Summary: Taken from a prompt on the Glee Angst Meme: When Quinn would insult him and make him feel bad about himself, Finn found it easy to ignore it. It was obvious she was being mean. But when Rachel does it, it's always worded in a nice, helpful way that Finn doesn't even realize she's doing it until he finds himself dreading going to school because he knows he'll see her. It all comes out during one of his warm milk talks with Kurt, who is not happy with what Rachel's been doing.

Tl;dr: It was more okay when Quinn was mean because he knew it. It's worse when the words are doled out with a smile. Kurt is not pleased in the slightest.


Disclaimer: AHAHAHA YEAH NO.


AN: Yeah, okay. So I tend to avoid writing fics that could border bashing, but I tried my best to keep this to proper character. That's not to say that I don't think that Quinn or Rachel couldn't (or haven't) acted like this, I just try to keep the focus on what I think is important, meaning in this case Finn owning up to the fact that yeah, maybe something's not right here.


Finn knew that he wasn't very smart, at least not when it came to books.

According to Quinn, he wasn't particularly smart in regard to much of anything. Not when it came to her feelings, not when it came to 'their' baby, back before he knew it wasn't his. He couldn't count how many times she'd dug into him later about how stupid he'd been to even think that she could have gotten pregnant from the hot tub. It was okay, of course, for her to berate him about it once she didn't need him for anything.

He was stupid.

He was clumsy.

He was too tall, and he couldn't dance, and he was graceless.

Thing was, Quinn was mean. And Finn knew this.

He didn't like it, but he knew that she was mean. Mean, but hot. Hot enough and sweet enough that he thought that it made up for the meanness sometimes, and to him, it did. She wasn't a bad person but she knew what she wanted and she kind of didn't care who she ran over to get it, and that extended to Finn as well.

And the fact was, she didn't front with him. Finn knew that she was mean and she knew that he knew it so it could have been worse. He loved her but that was one thing she'd never lied about, so it was easier to brush off and just focus on the fact that she was hot and a cheerleader and his and people were jealous when they saw the two of them walking together.

Rachel was different.

She was cute and bouncy without the edge that Quinn had, and she was refreshing.
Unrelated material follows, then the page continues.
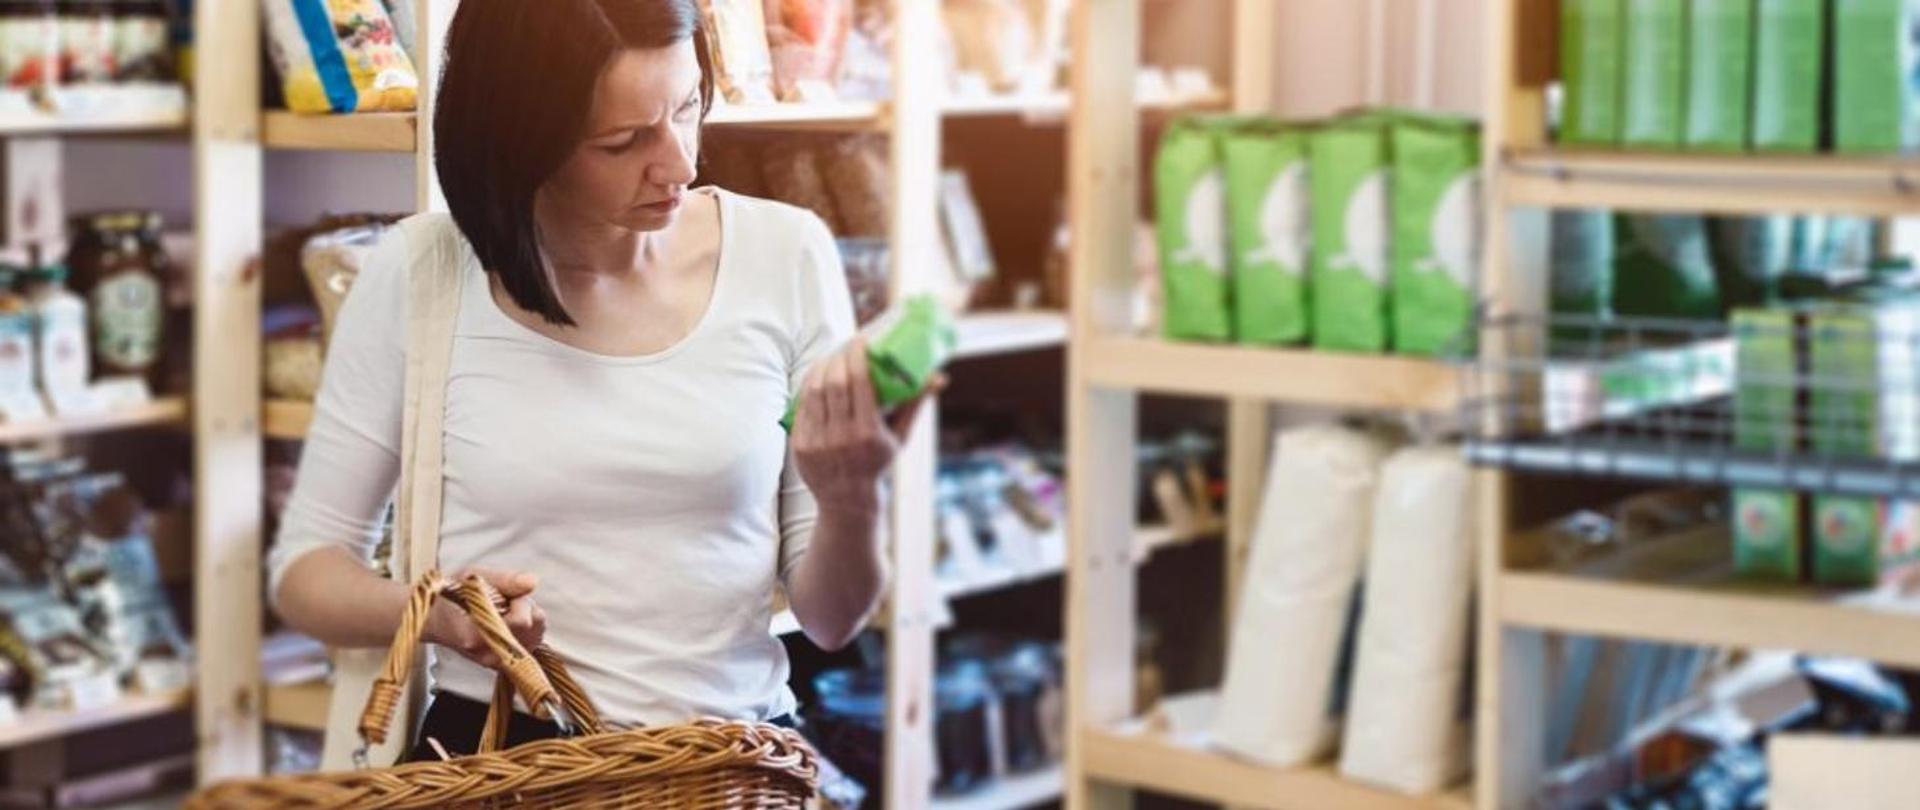 zdjęcie kobiety robiącej zakupy w sklepie spożywczym na tle regałów
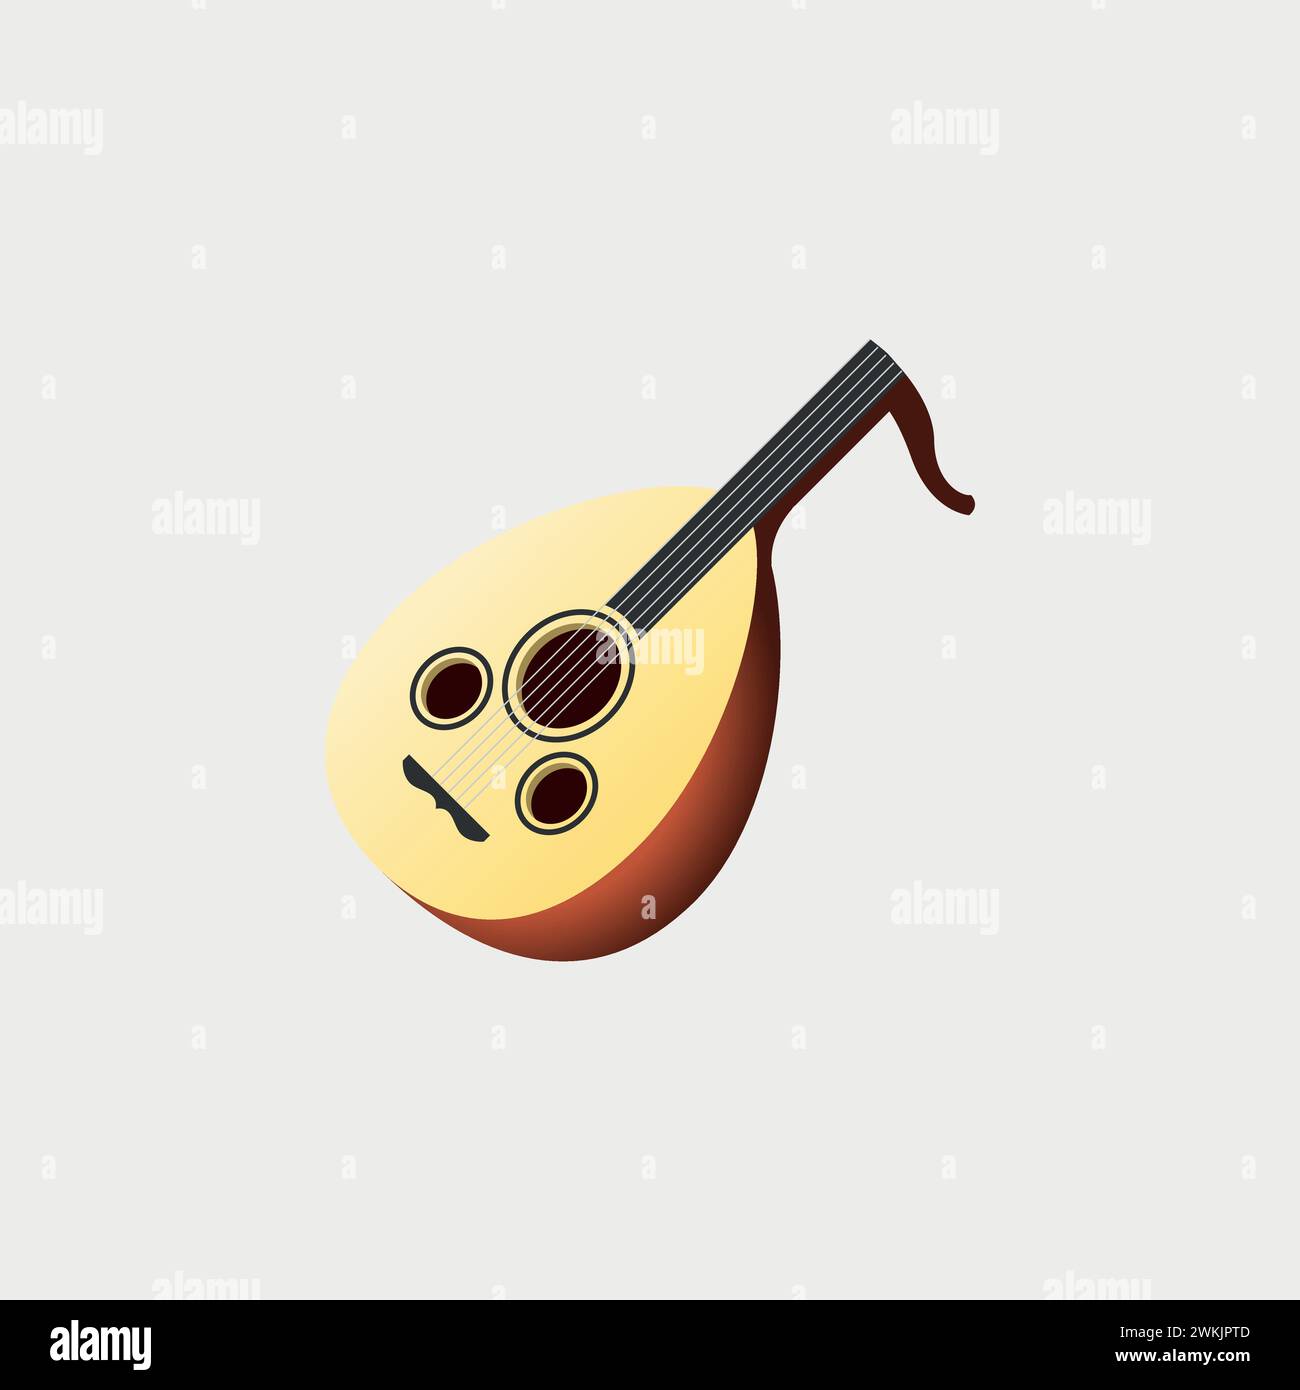 Laute - Oud. Arabisches Orientalisches Musikinstrument Stock Vektor

No, people might not have stared jealously, but what did that matter when he was holding hands with someone who really liked him and didn't have anything to gain from him?

Naturally, Finn didn't realize what it meant when she said,

Oh, don't be silly, Finn. You'll never pass that test without my help. I'll help you study so maybe you won't fail miserably.

Or when she said, You're lucky you're cute because otherwise, I don't know if I could stand to dance with someone who can't keep track of his own feet.


Kurt had just given up his battle with his lab report for physics and settled back to try and catch the elusive Kangaskhan in the Safari Zone when there was a sharp rap on his door.

"…come in?" he called with trepidation. If it was his father asking him if he was sure that he couldn't wear the tie with the peacocks in sunglasses to that meeting tomorrow, Kurt was going to kick something.

Preferably the wall, because the only other option wasn't a something but a someone, and that was a last resort.

The door opened and Finn popped his head in. Kurt couldn't control the instinctive raising of his eyebrows and the cock of his head because generally, Kurt was the one who went to him, not the other way around. For someone who seemed to hold few secrets, Finn was surprisingly close-mouthed.

"Hey, dude," Finn began, ignoring Kurt's immediate twitch at the word, "I, uh, brought some milk." Kurt could see his hands, and he held in each a steaming mug of what was undoubtedly warm milk. "Don't worry, Mom made it."

Oh my. Finn Hudson, notorious flincher at the mention of warm milk (he always drank it anyway) had brought it on his own volition. Kurt didn't know what, but Something Was Up. Pokémon would have to wait.

That Kangaskhan wasn't going anywhere anyway.

Setting aside his handheld, Kurt scooted back up against the headboard and beckoned his stepbrother closer, making a gesture to close the door.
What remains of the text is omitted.